Eur Cytokine Netw. 2003 Jul-Sep;14(3):154-7
Lampasona V, Rio J, Franciotta D, Furlan R, Avolio C, Fazio R, Lavolpe V, Vincent A, Comi G, Trojano M, Montalban X, Martino G.
Department of Clinical Chemistry, San Raffaele Scientific Institute, Milan, Italy.
We devised a sensitive, radioimmunoprecipitation assay (RIPA) for anti-interferon (IFN)-beta-binding antibody (BAB) detection.
Our RIPA showed good agreement with a reference RIPA (mean difference, -3.2 +/- 10.6 AU), and detected BAB to both IFN-beta-1a and IFN-beta-1b.
Neutralizing antibodies to IFN-b (NAB) were also determined with a standard method.
BAB and NAB were measured in 393 serum samples from 77 multiple sclerosis (MS) patients treated with IFN-beta-1a or -1b, who were studied over two years, and subsequently classified as responders and non-responders.

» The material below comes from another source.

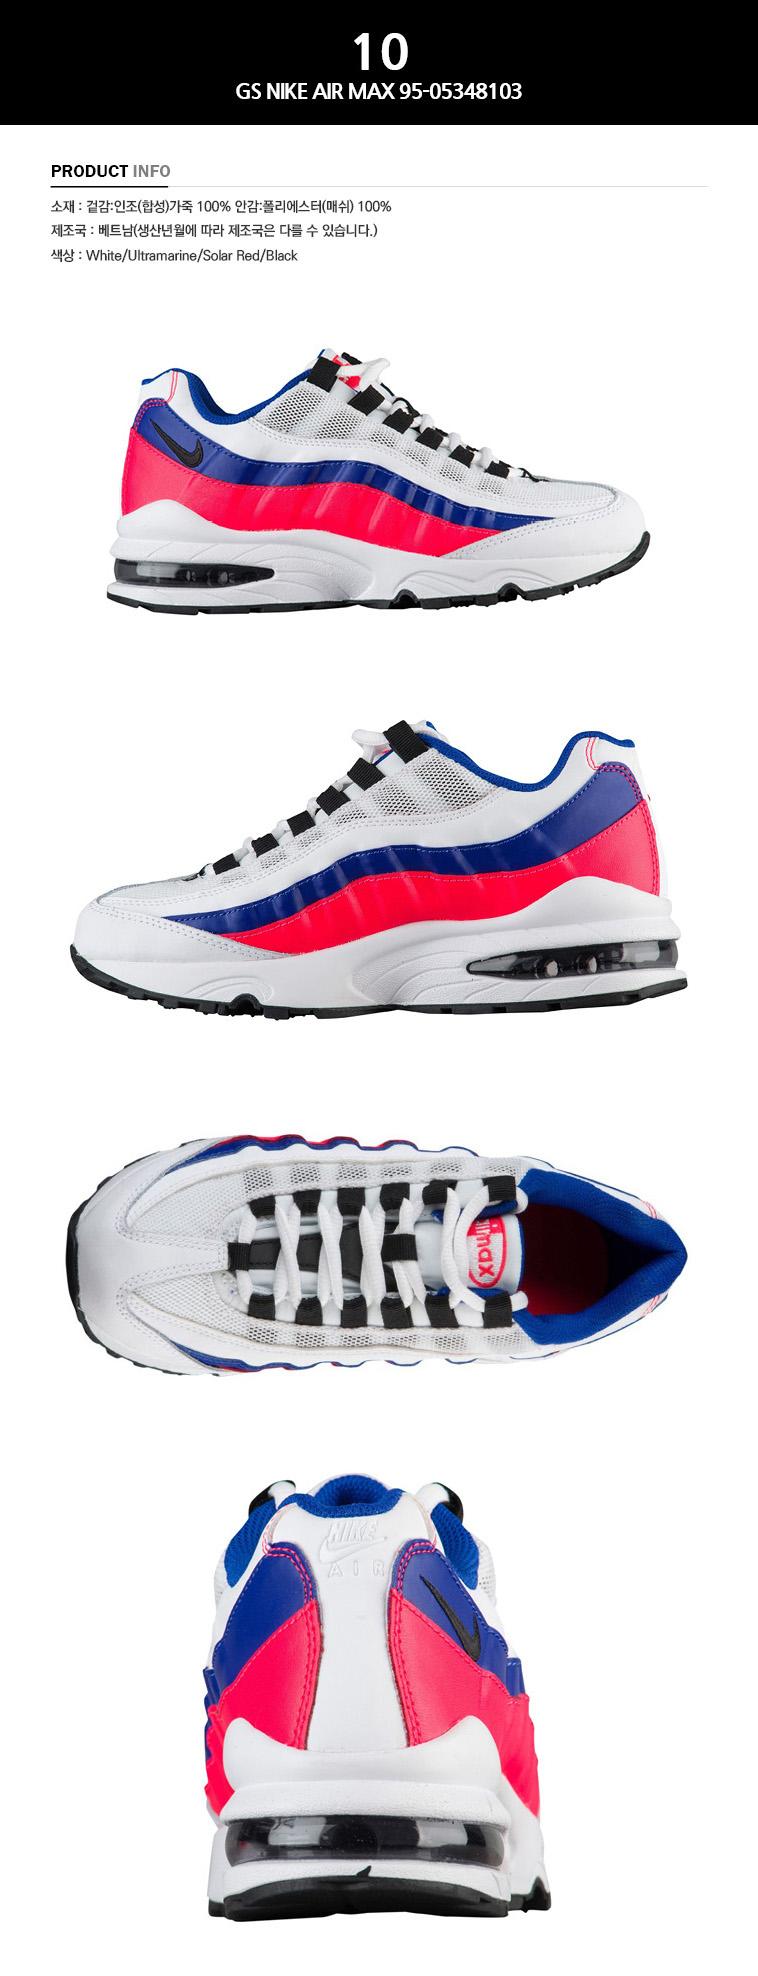 q7981100 cheap nike shoes online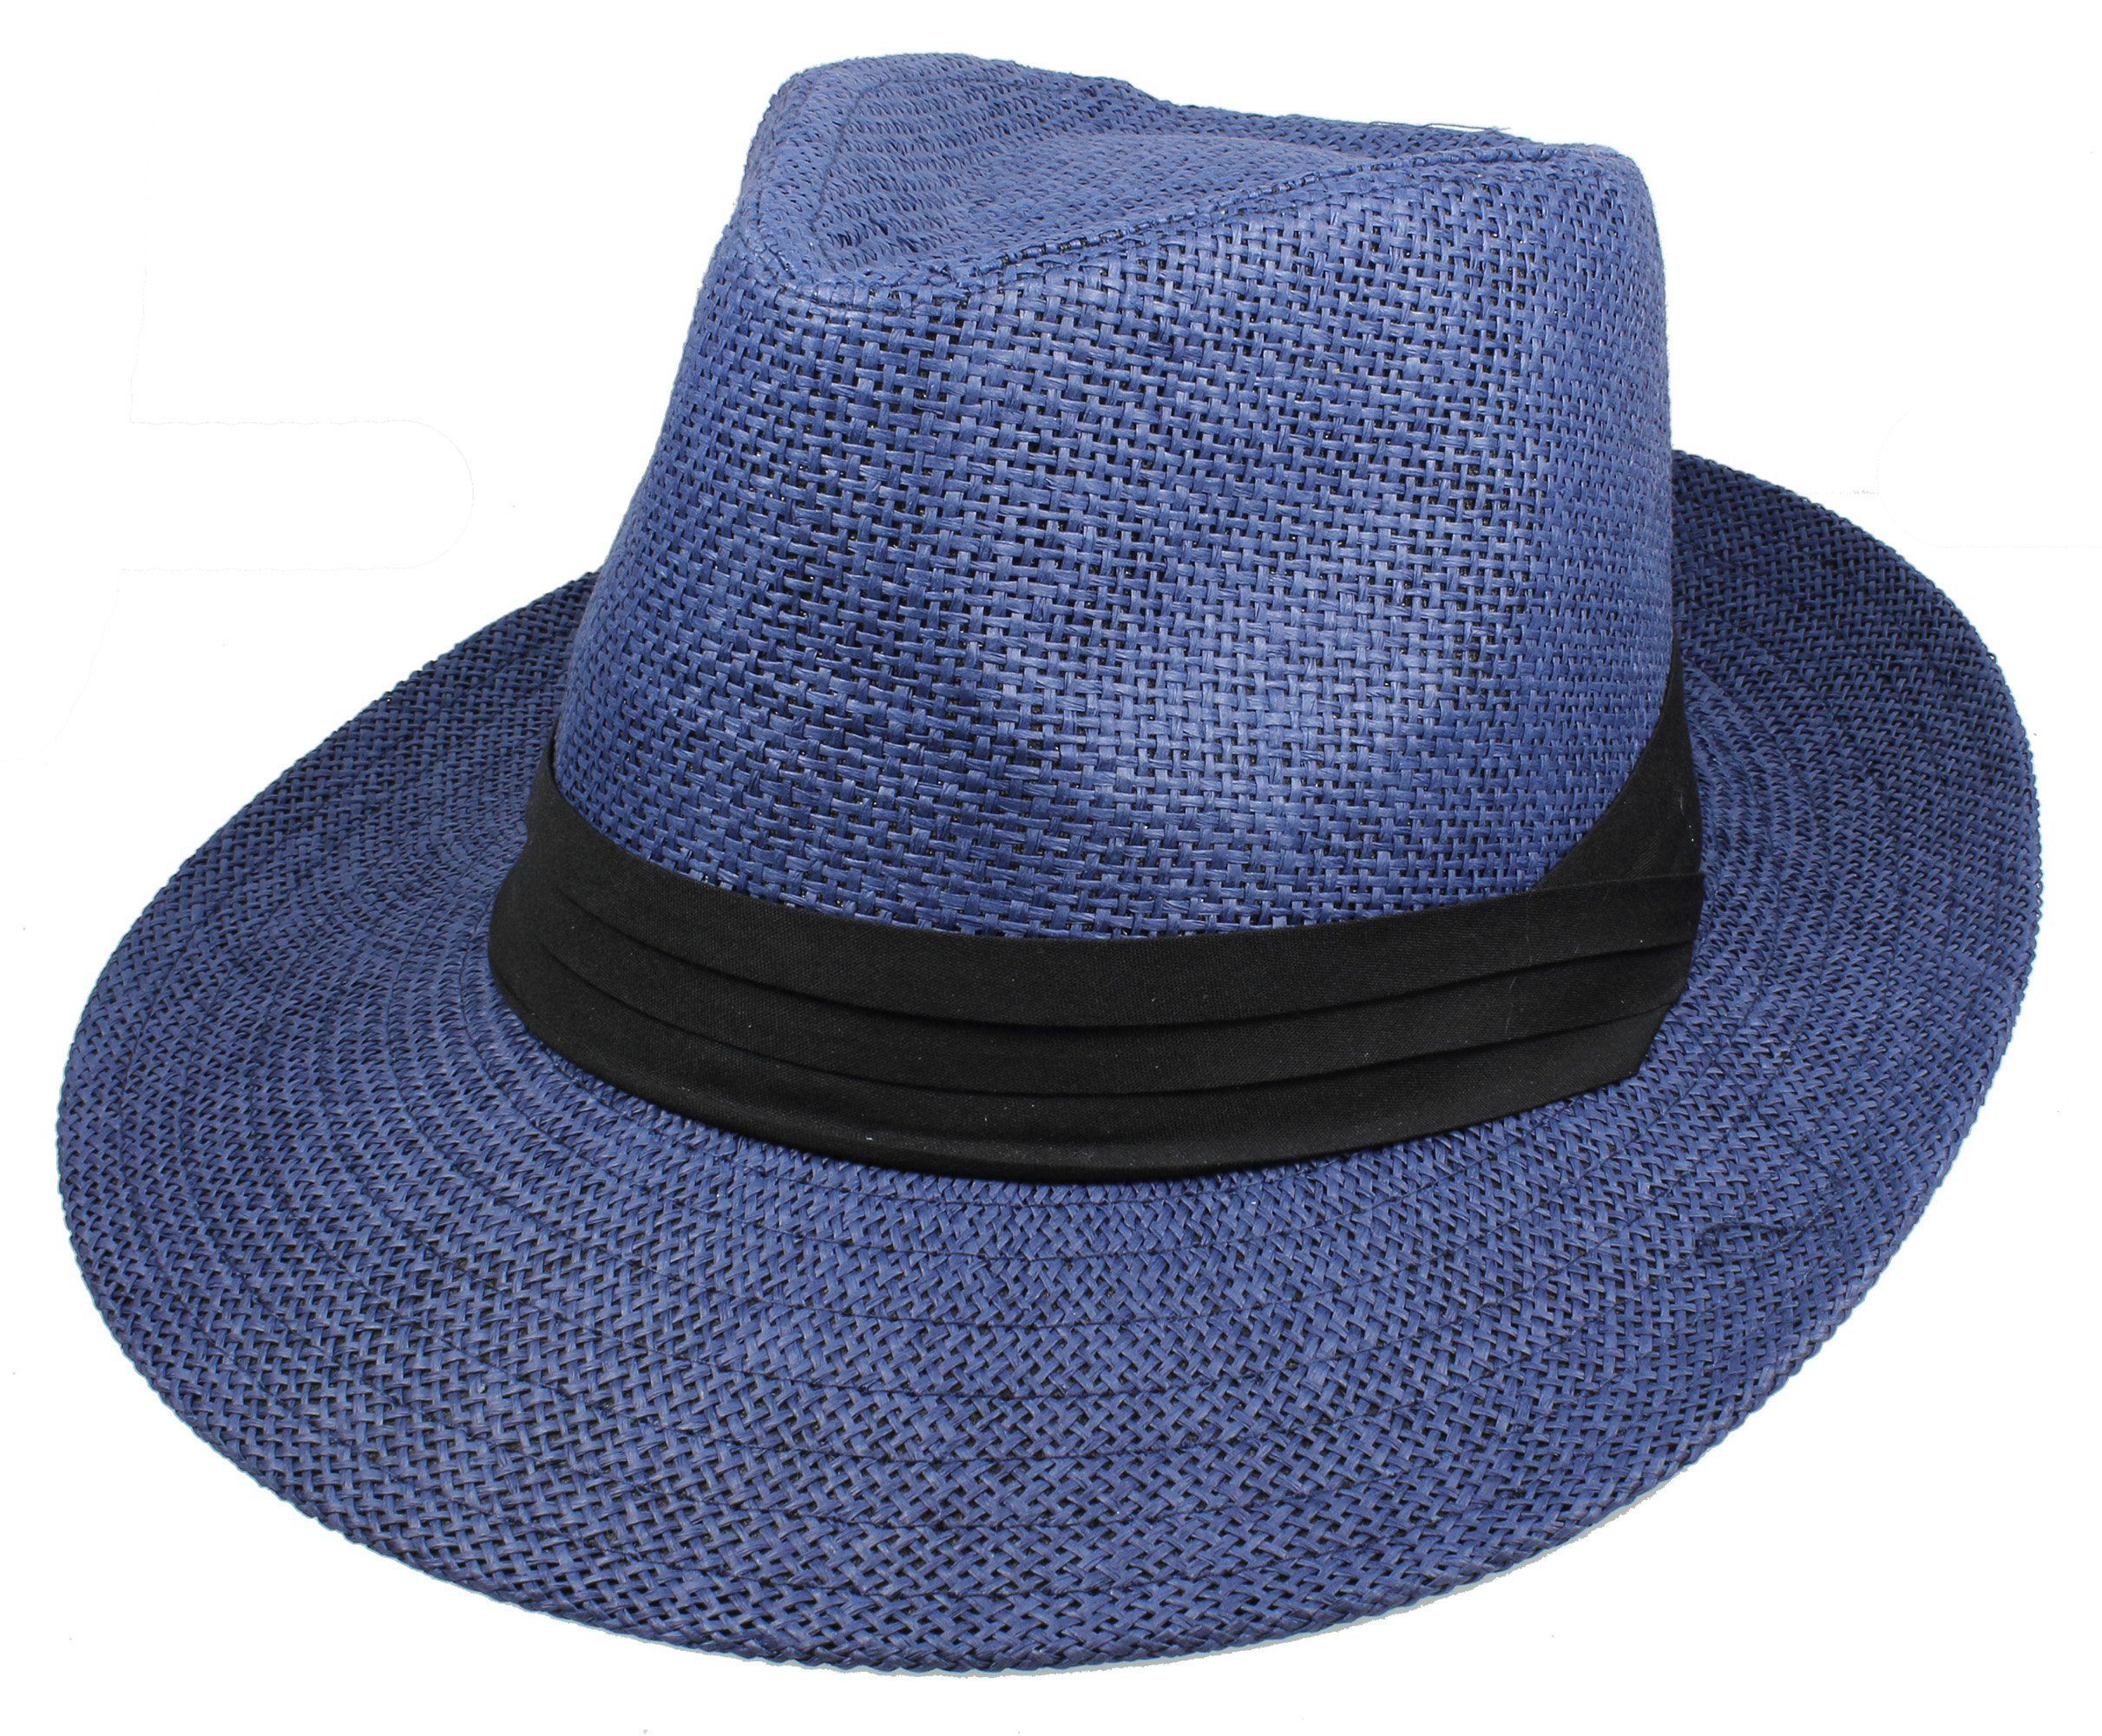 Gelante Wide Brim Summer Fedora Panama Straw Hats with Black Band M255-Navy-S/M

BAB were found at higher concentrations, and more frequently detected, in IFN-beta-1b- than in IFN-beta-1a-treated patients, and, at highest titres, preferentially in patients who were positive for NAB.
However, in our series of MS patients, both titres and frequency of detection of BAB or NAB did not differ between IFN-b responders and non-responders.